Tech

‘TunnelVision’ attack leaves nearly all VPNs vulnerable to espionage


Researchers have devised an attack against nearly all of them virtual private network applications force them to send and receive some or all of their traffic outside an encrypted tunnel designed to protect it from snooping or tampering.

TunnelVision, as the researchers have named their attack, largely negates the entire purpose and selling point of VPNs, which is to encapsulate incoming and outgoing Internet traffic in an encrypted tunnel. Encrypt and hide user IP addresses. Researchers believe it affects all VPN applications when they are connected to a hostile network, and there is no way to prevent such attacks except when the user’s VPN runs on Linux or Android. They also said their attack technique may have been in place since 2002 and may have been discovered and used in the wild since then.

Read, scrape, or modify VPN traffic

The effect of TunnelVision is that “the victim’s traffic is now decrypted and passed directly through to the attacker.” video demonstration explain. “An attacker can read, delete, or modify the leaked traffic, and the victim still maintains their connection to both the VPN and the internet.”

The attack works by manipulation DHCP server allocates IP addresses to devices trying to connect to the local network. An installation is called option 121 allows the DHCP server to override default routing rules sending VPN traffic through the local IP address that initiates the encrypted tunnel. By using option 121 to route VPN traffic through a DHCP server, the attack redirects data to the DHCP server itself. Researchers from Leviathan Security explain:

Our technique is to run the DHCP server on the same network as the targeted VPN user and also configure our DHCP to use itself as a gateway. When traffic hits our gateway, we use traffic forwarding rules on the DHCP server to redirect traffic to a legitimate gateway while we monitor it.

We use DHCP option 121 to place the route on the VPN user’s routing table. The route we set is arbitrary, and we can also book multiple routes if needed. By pushing more specific routes than the CIDR /0 range that most VPNs use, we can create routing rules that have higher priority than the routes for the virtual interfaces that the VPN creates. We can set multiple /1 routes to recreate the 0.0.0.0/0 all traffic rule set by most VPNs.

Pushing a route also means that network traffic will be sent over the same interface as the DHCP server instead of a virtual network interface. This is intended functionality that is not explicitly stated in the RFC. Therefore, for the routes that we push, it is never encrypted by the VPN’s virtual interface but is instead transmitted by the network interface that is talking to the DHCP server. As an attacker, we can choose which IP addresses go through the tunnel and which go through the network interface talking to our DHCP server.

We now have traffic transmitted outside the VPN’s encrypted tunnel. This technique can also be used on an established VPN connection after the VPN user’s server needs to renew its lease from our DHCP server. We can artificially create that scenario by setting a short lease period in the DHCP lease, so that users update their routing tables more frequently. Additionally, the VPN control channel remains intact because it used a physical interface for communication. In our testing, the VPN always continued to report as connected, and the kill switch never engaged to disconnect our VPN.

The attack can be most effectively carried out by someone who has administrative control over the network to which the target is connecting. In that case, the attacker configures the DHCP server to use option 121. People who can connect to the network as unprivileged users can also carry out the attack by setting set up their own fake DHCP server.

The attack allows some or all traffic to be routed through the unencrypted tunnel.

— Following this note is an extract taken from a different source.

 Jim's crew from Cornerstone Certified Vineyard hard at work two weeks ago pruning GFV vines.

In both cases, the VPN application will report that all data is being sent over the protected connection. Any traffic redirected out of this tunnel will not be encrypted by the VPN, and the Internet IP address that can be viewed by the remote user will belong to the network to which the VPN user is connected, rather than the address provided by the application. Use a designated VPN.

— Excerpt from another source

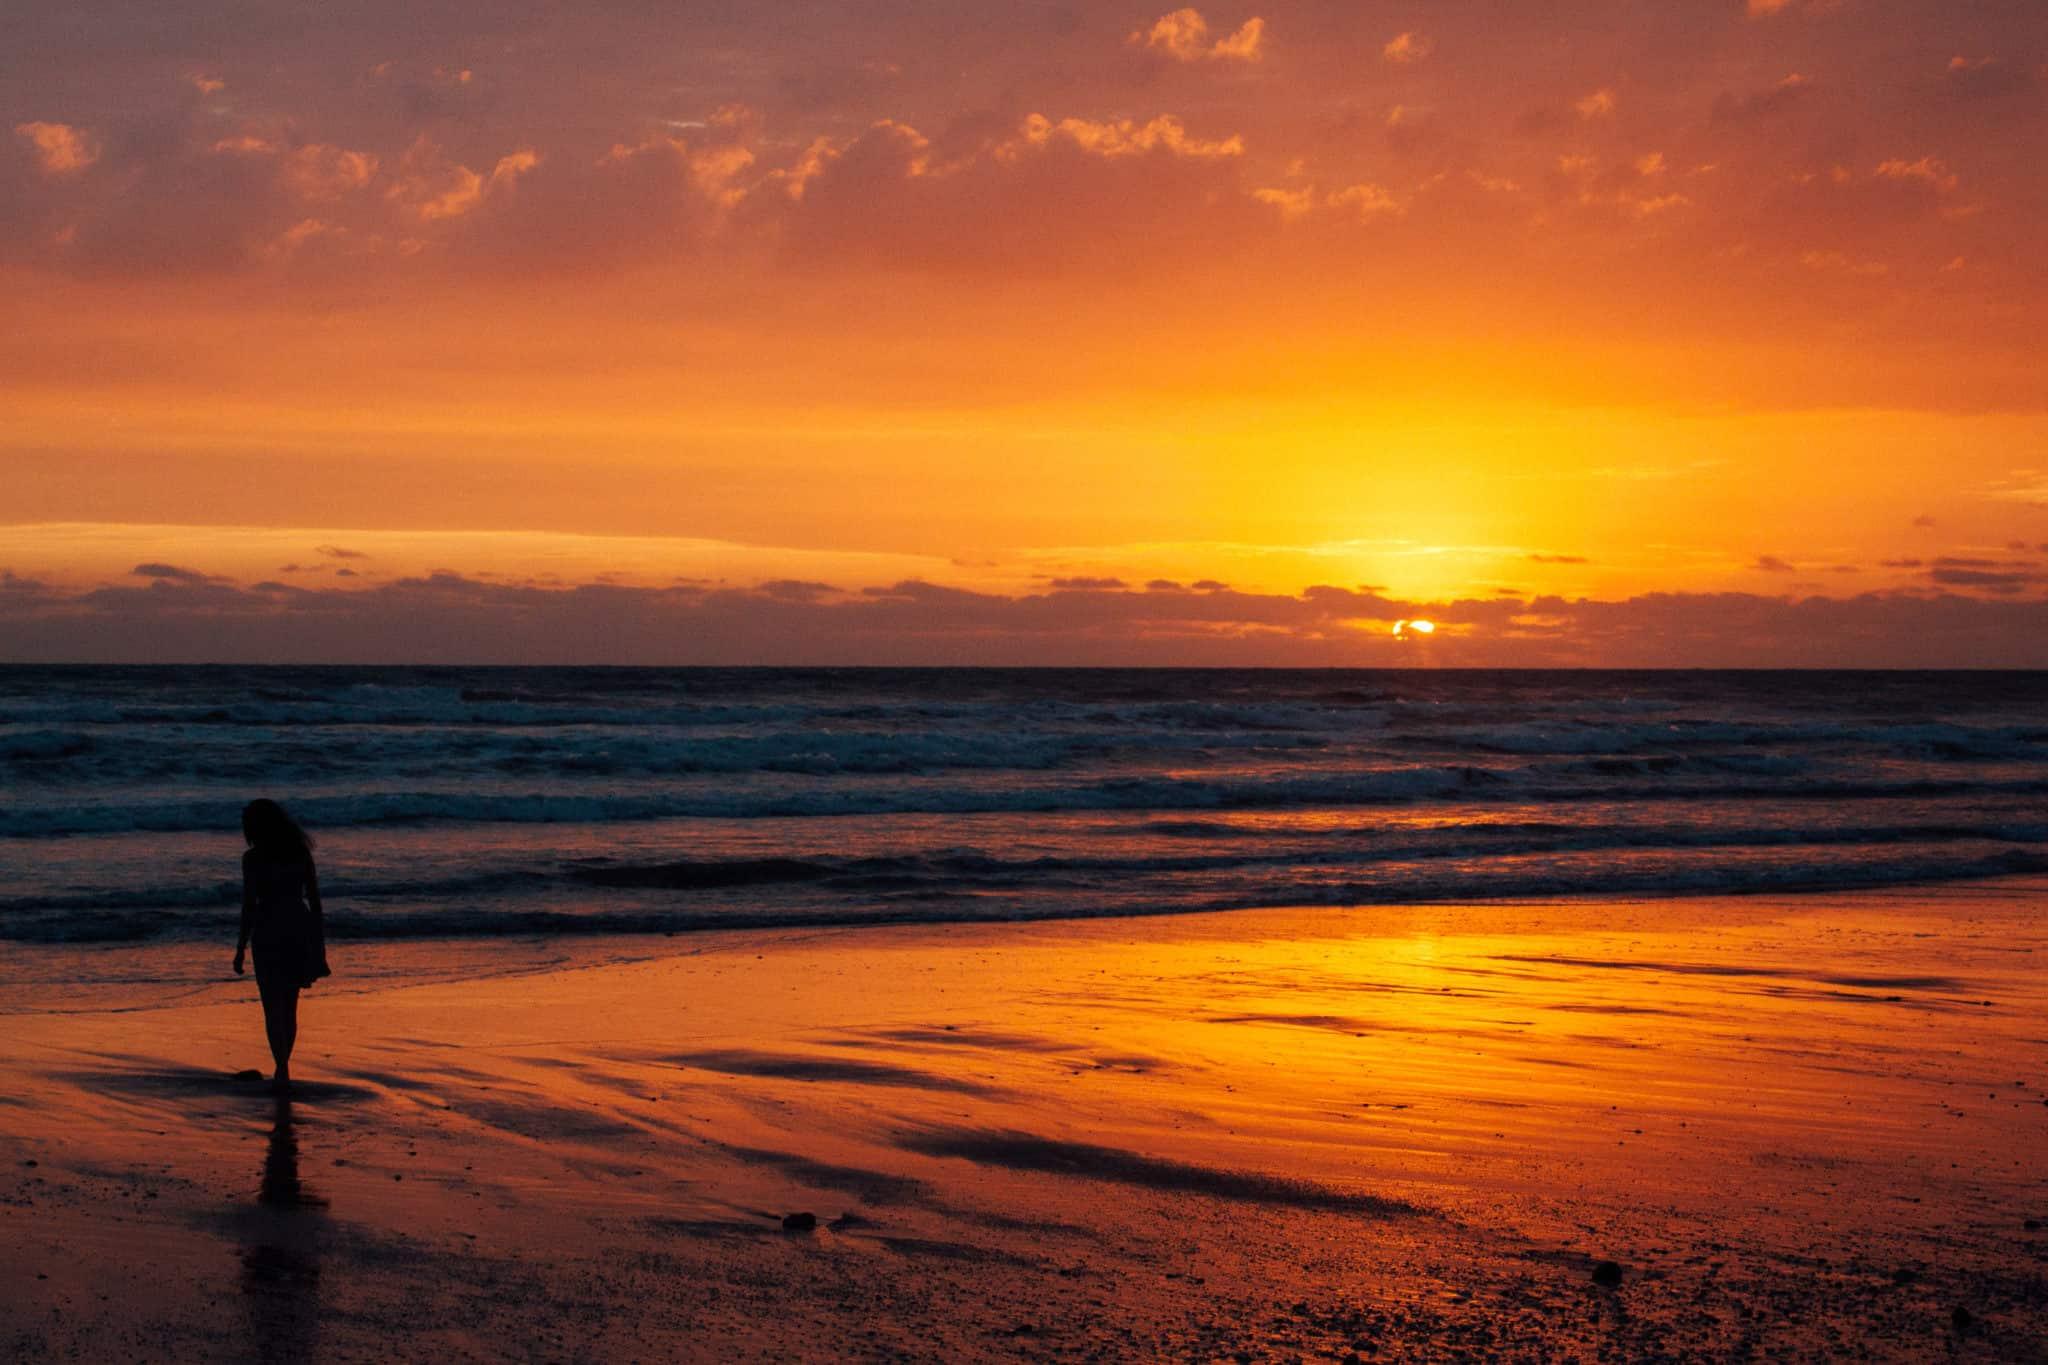 Simplicity of a Sunset

Interestingly, Android is the only operating system that completely immunizes VPN applications from the attack because it does not implement option 121. For all other operating systems, there is no complete fix available . When applications run on Linux there is a setting that minimizes the impact, but even then TunnelVision could still be used to exploit a security vulnerability. secondary channel can be used to de-anonymize destination traffic and carry out targeted denial of service attacks. Network firewalls can also be configured to deny inbound and outbound traffic to and from physical interfaces. This remedy is problematic for two reasons: (1) VPN users connecting to untrusted networks do not have firewall control, and (2) it opens the same side channel contained in the mitigation. minimal Linux.

The most effective fixes are to run the VPN inside a virtual machine whose network adapter is not in bridge mode, or to connect the VPN to the Internet through the mobile device’s Wi-Fi network. The study by Leviathan Security researchers Lizzie Moratti and Dani Cronce is now available. This.